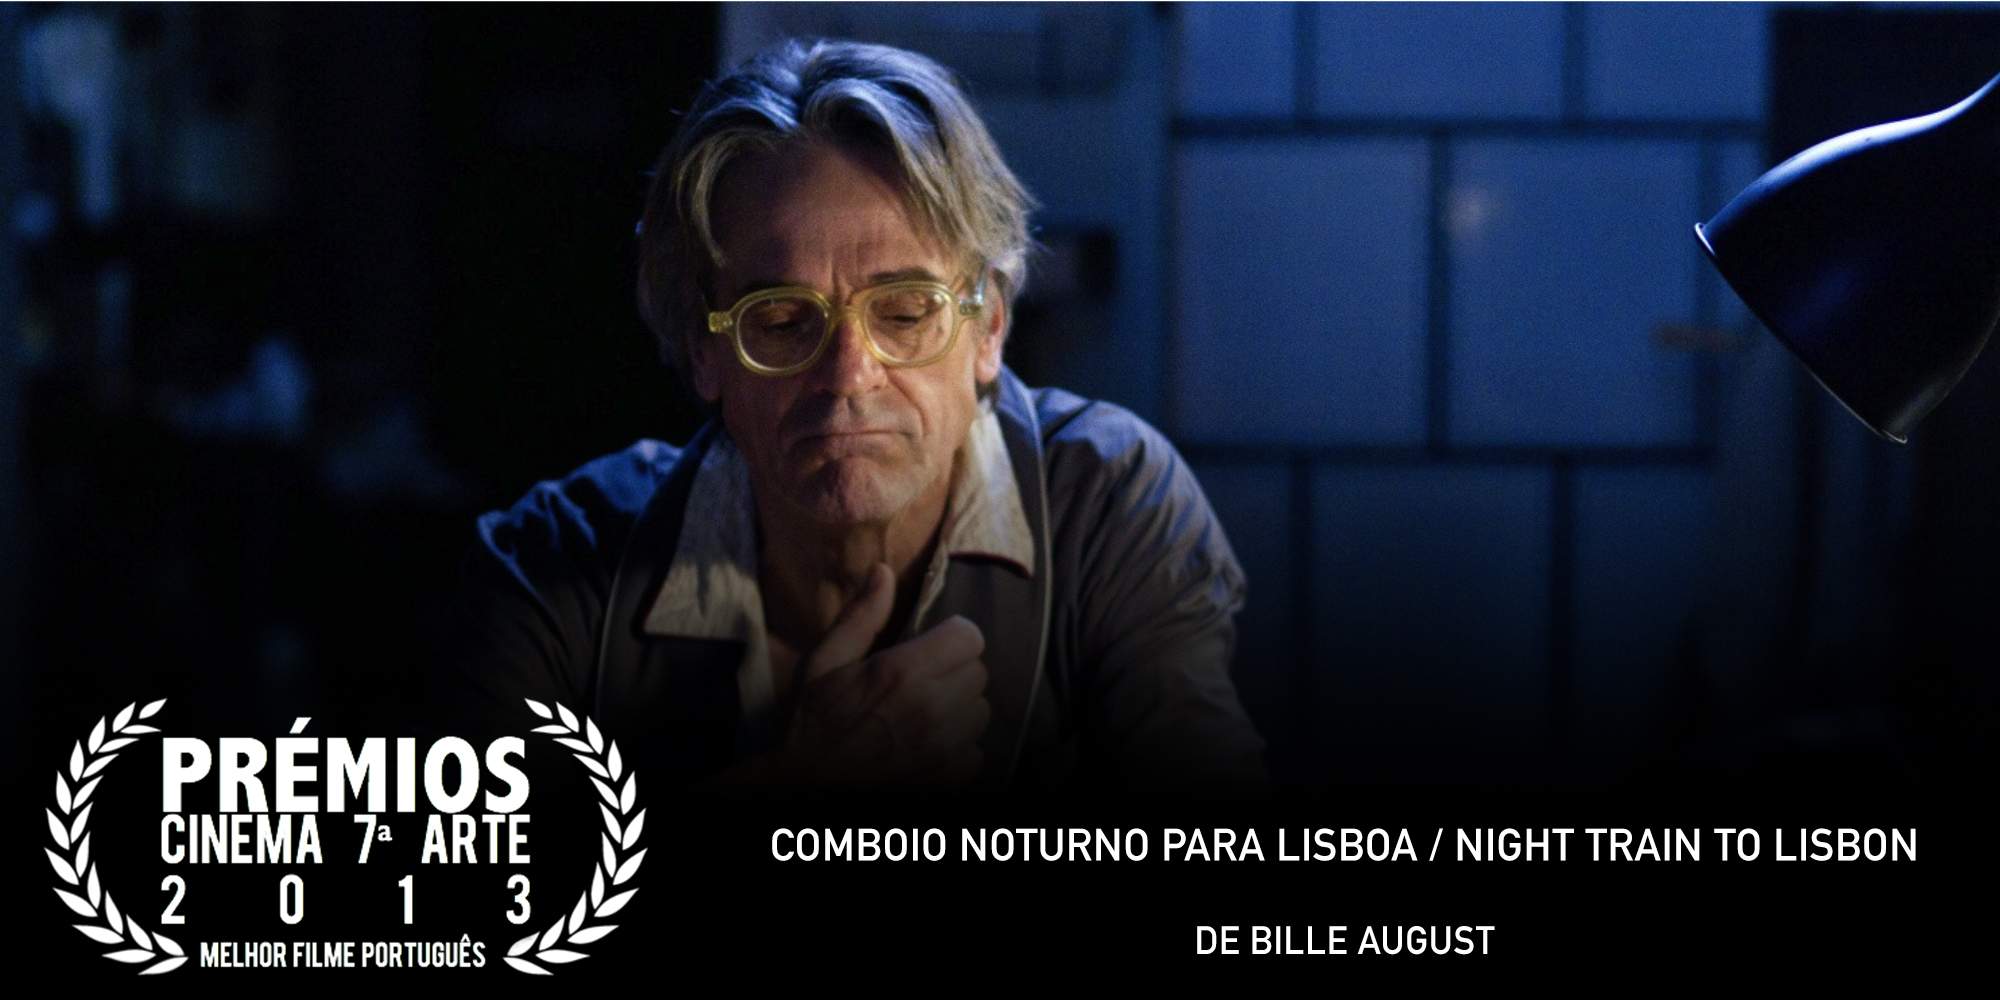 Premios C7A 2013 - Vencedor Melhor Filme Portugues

- - - - - - -

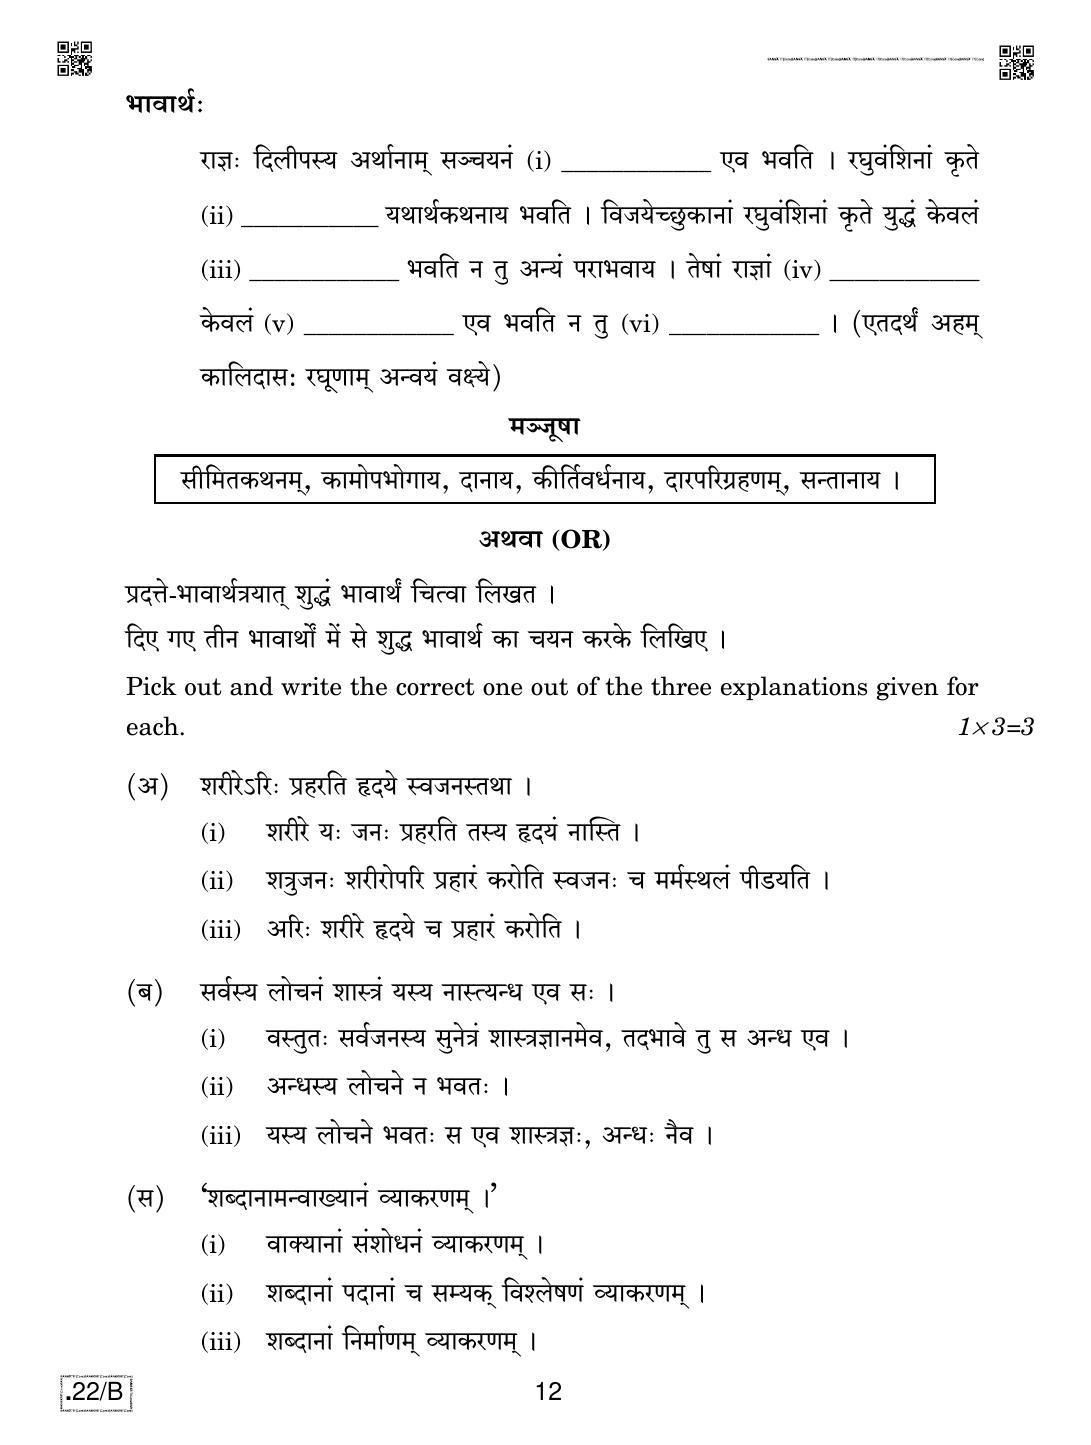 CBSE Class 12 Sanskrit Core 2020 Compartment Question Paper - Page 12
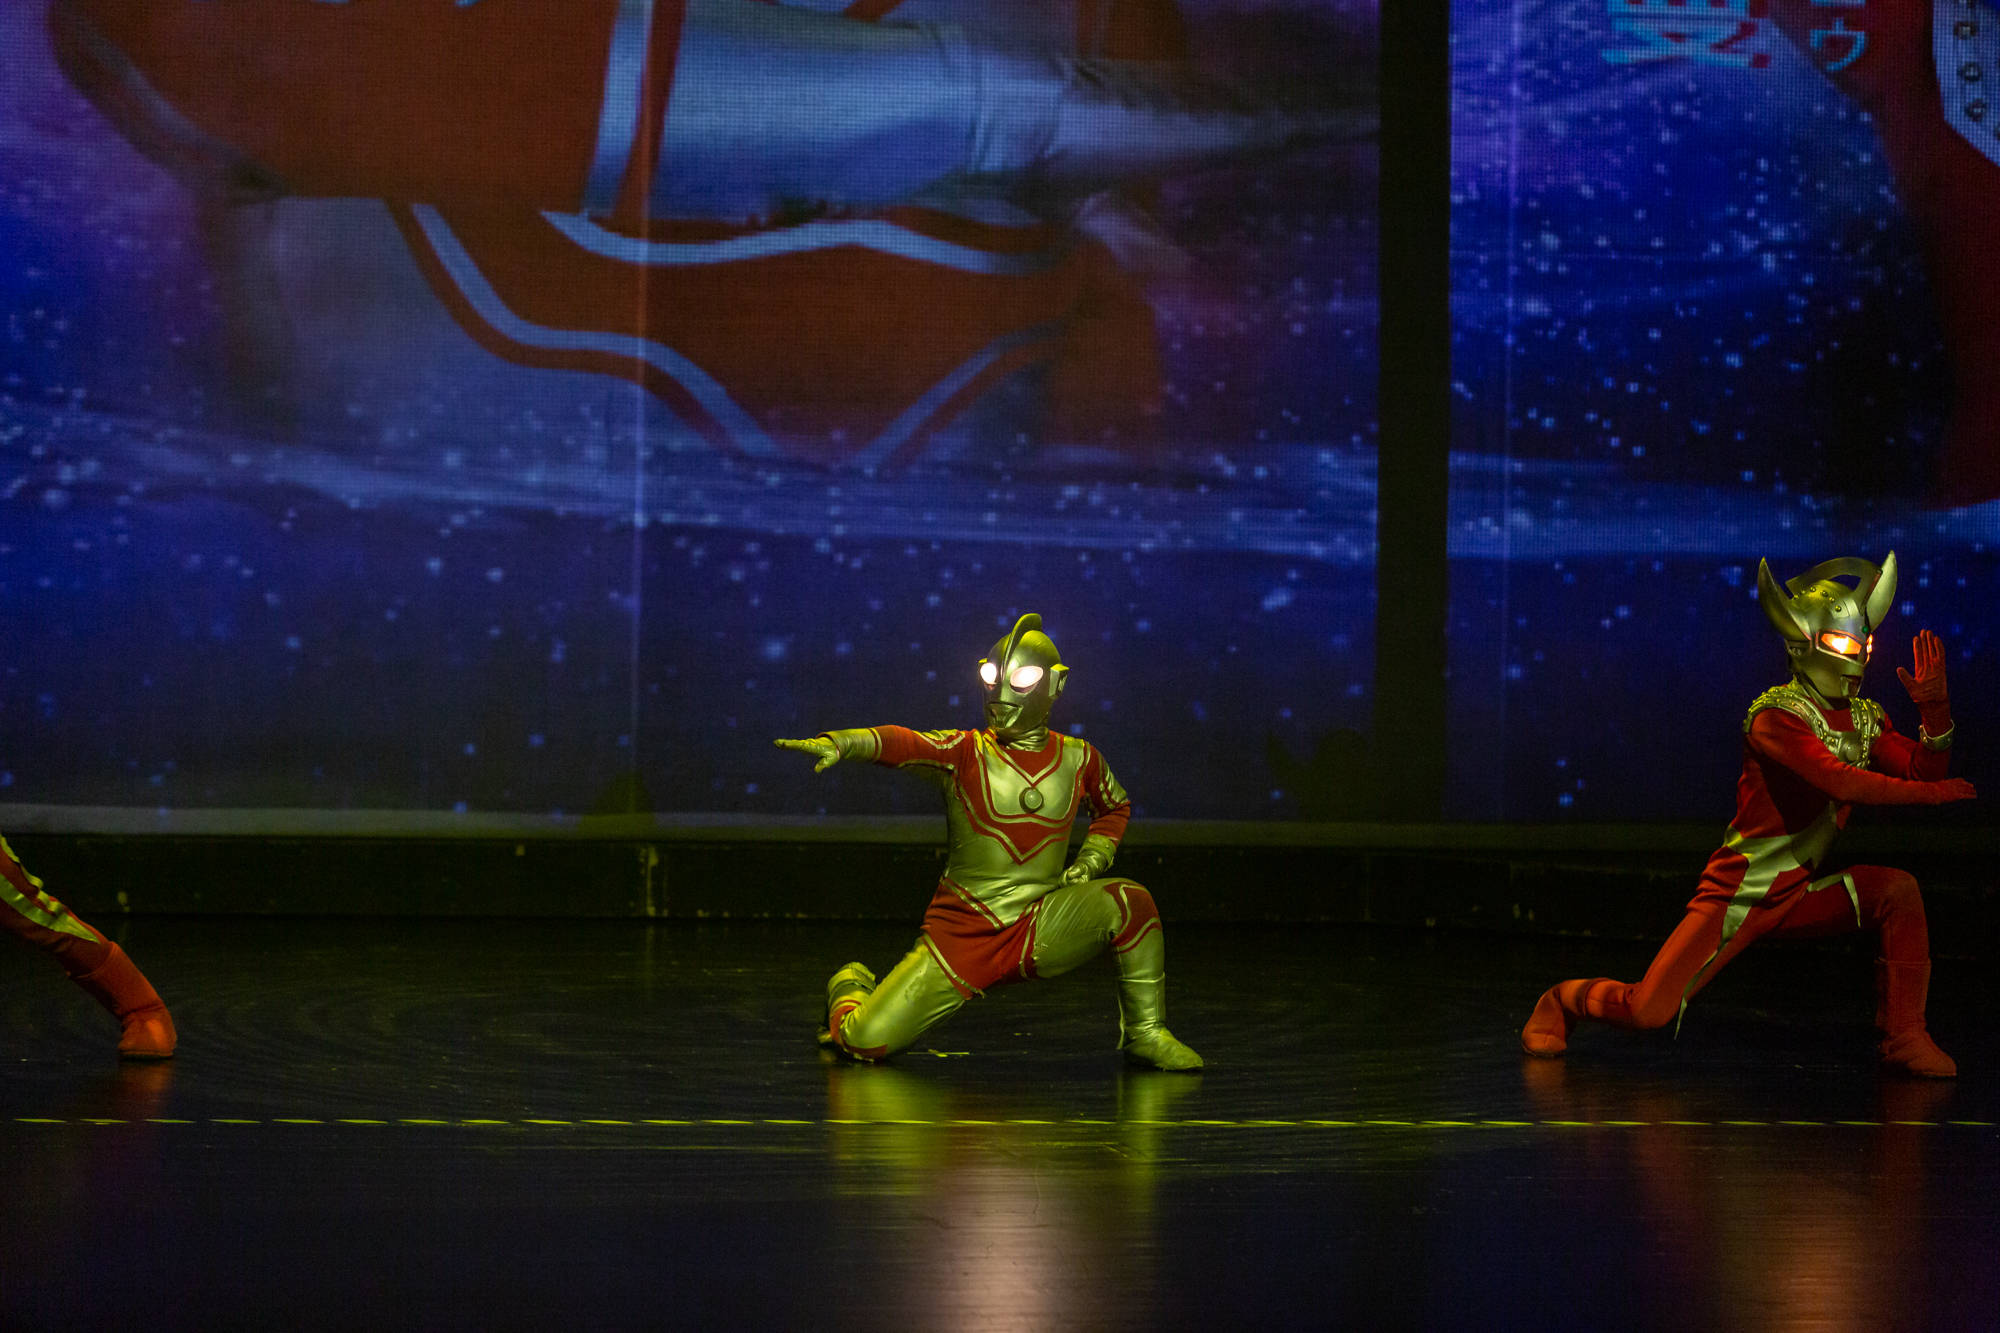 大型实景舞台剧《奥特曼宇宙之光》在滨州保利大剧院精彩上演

- - - - - - -

Assignment >>
Skipping every picture, transcribe exactly the lines above from the one containing "CBSE Class 12" through the one containing "大型实景舞台剧《奥特曼宇宙之光》在滨州保利大剧院精彩上演", both included.

Response box >>
 CBSE Class 12 Sanskrit Core 2020 Compartment Question Paper - Page 12
 大型实景舞台剧《奥特曼宇宙之光》在滨州保利大剧院精彩上演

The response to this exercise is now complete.